L’exécutif semble prêt à lâcher du lest sur sa réforme, à la fois sur les délais et les modalités pour certaines catégories, notamment les cheminots et les enseignants.
"Le défi, c’est les enseignants", martèle un cadre de la majorité.
M. Philippe leur a de nouveau adressé un message, évoquant la revalorisation "progressive" de leurs salaires puisqu’une "application absurde" des nouvelles règles de retraite "les pénaliserait".
"Alors que les syndicats cherchent à élargir le mouvement pour agréger les mécontentements, le gouvernement doit éviter le seuil critique. La clé est sans doute le sort des enseignants, une catégorie qui bénéficie d’un capital de sympathie", ajoute un conseiller ministériel.

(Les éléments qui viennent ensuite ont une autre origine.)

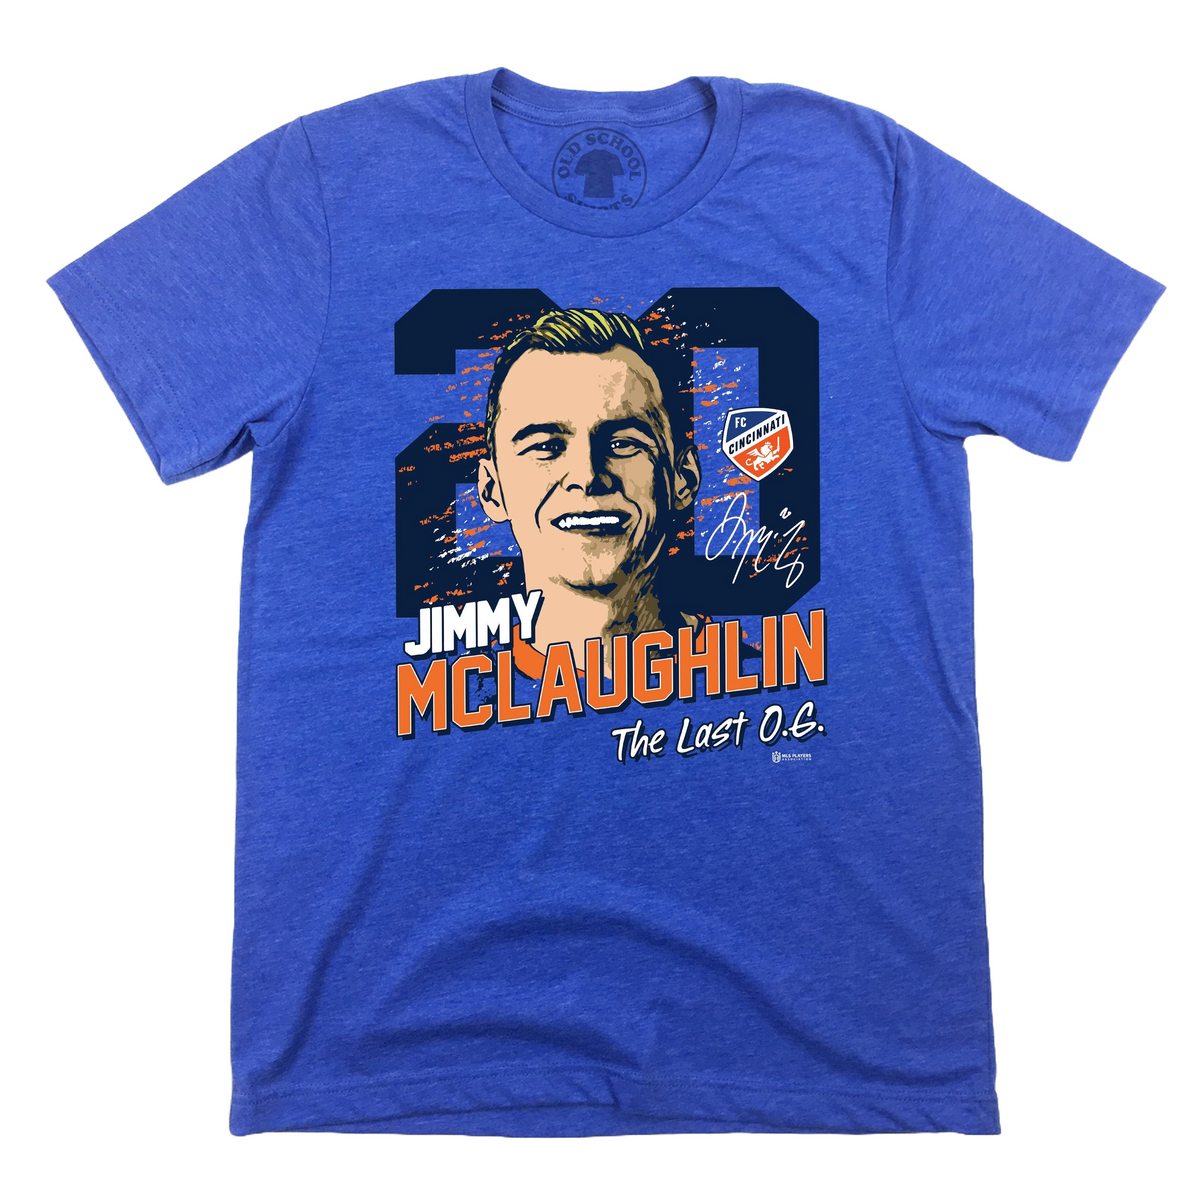 Official Jimmy McLaughlin MLSPA Tee

En définitive, même si Edouard Philippe a été chargé de porter la réforme c’est bien Emmanuel Macron qui sera jugé. Selon un récent sondage Elabe, 43 % des Français estiment que la grève actuelle est d’abord une mobilisation globale contre la politique du chef de l’Etat, avant d’être une opposition à la réforme des retraites.
Et jeudi, dans les nombreux cortèges à travers la France, c’est au président que la rue a demandé des comptes, comme au plus fort de la crise des "gilets jaunes". En 1995, on brocardait le Premier ministre Alain Juppé. 24 ans plus tard, il n’y en a que pour Emmanuel Macron.